Normal everyday fellows concerned with where their next meal would come from and their status within their group of intimates were changed into preachers that traveled across the known world without thought of provision.  Into leaders who went against every convention and social norm to be Christ’s hands and feet in the world.  The were transfigured into people who let their own selves die and so that they could live as members of Christ.

It would have been much easier to sit in a tent and sell tickets to the site of Transfiguration and tell people of their experience with Moses, Elijah and Rabbi Jesus.  Easier…but not better.

After all the shining bits of the transfiguration had ended, the disciples were shaking on the ground…stunned and silent.

“But Jesus came and touched them, saying, "Get up and do not be afraid."”

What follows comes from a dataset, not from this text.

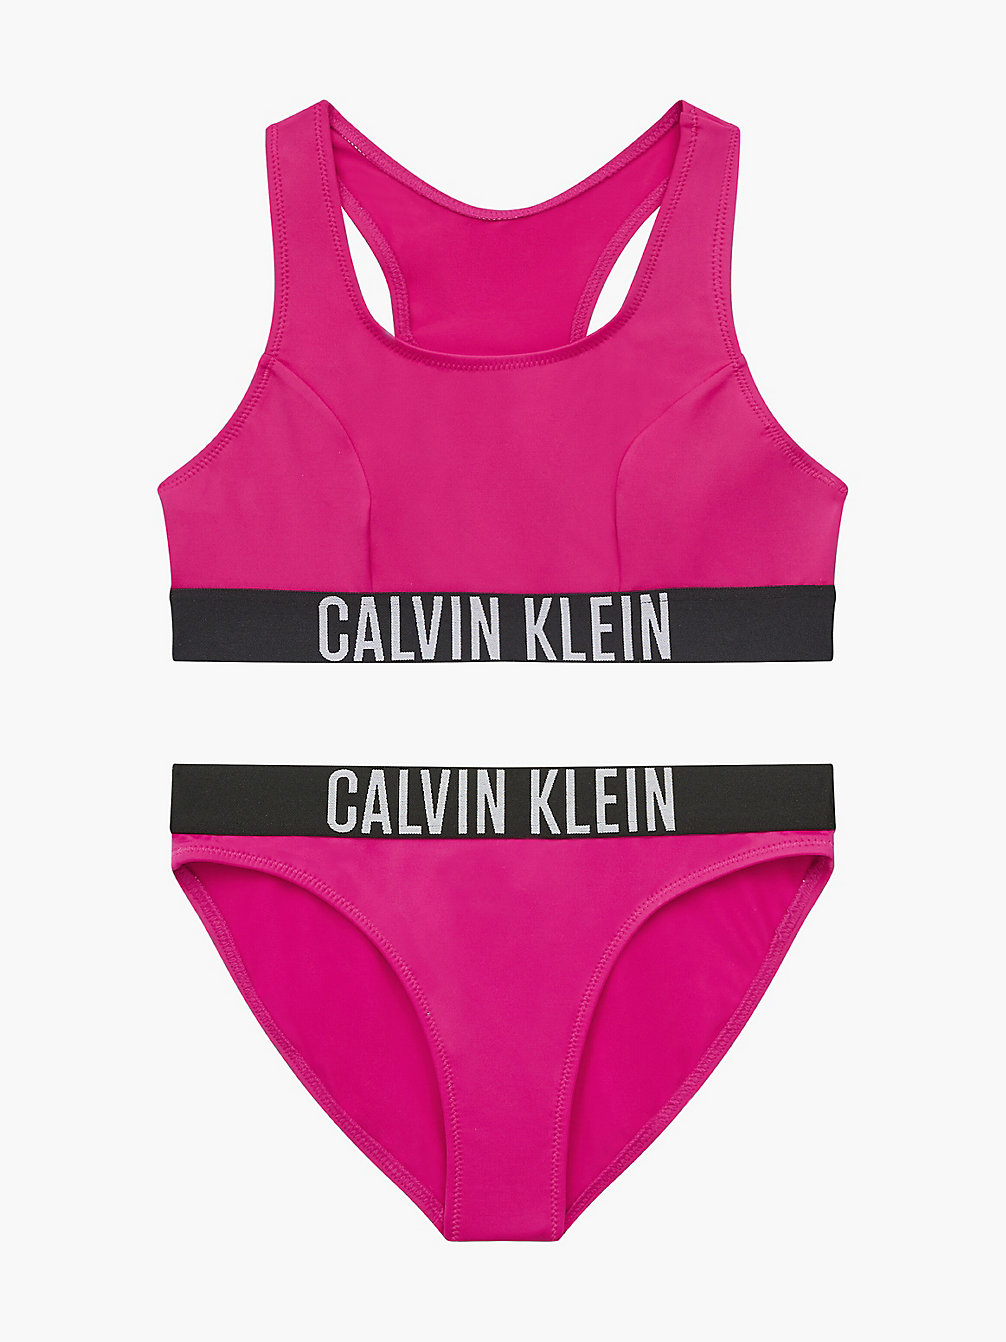 ROYAL PINK Girls Bralette Bikini Set - Intense Power undefined girls Calvin Klein
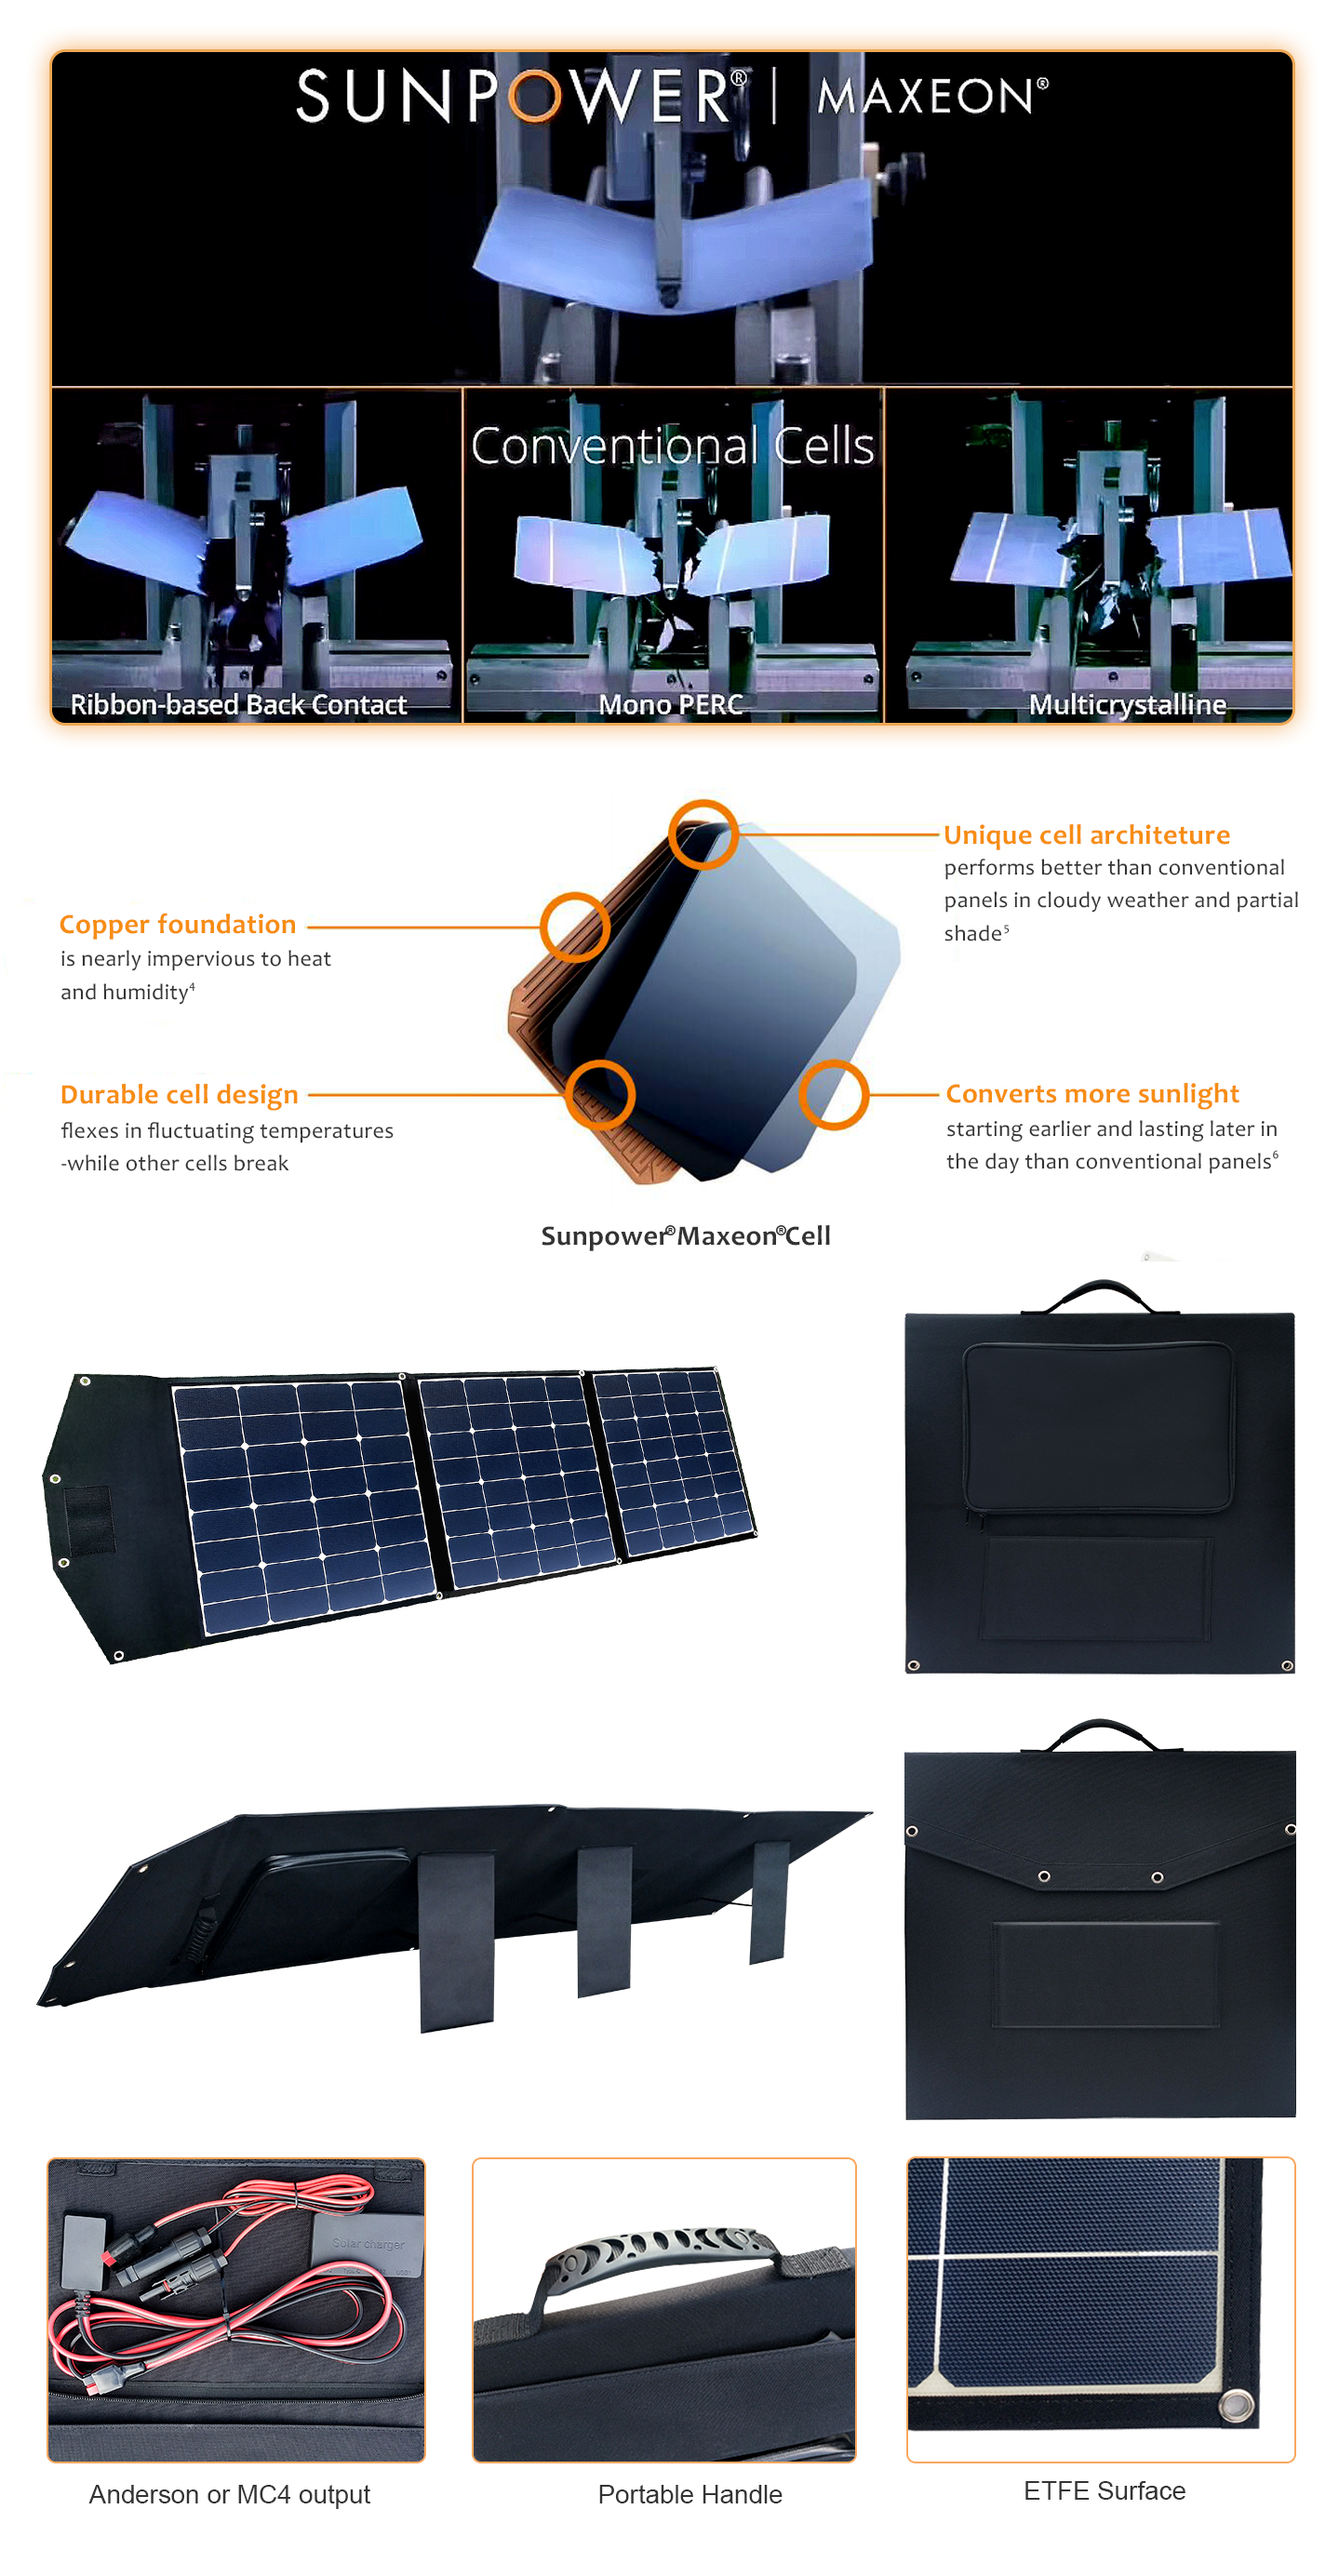 EYONGPV-150W Sunpower Mono Foldable Folding Portable ETFE Solar Panel Kit

These words may be the most important in the whole gospel reading today… we are called by God to listen to Christ… to deny our own ideas of what is and should be…to live for and as Christ… and that could easily leave us petrified and prostrate.  Too scared of what the possible consequences could be to think let alone begin.  But just as Jesus stood transfigured in triune community, we too are transfigured surrounded by the Trinity…like the disciples, we may be scared.  But also like them we are not alone.

Get up…go down that mountainside…get back into the world…and do not be afraid.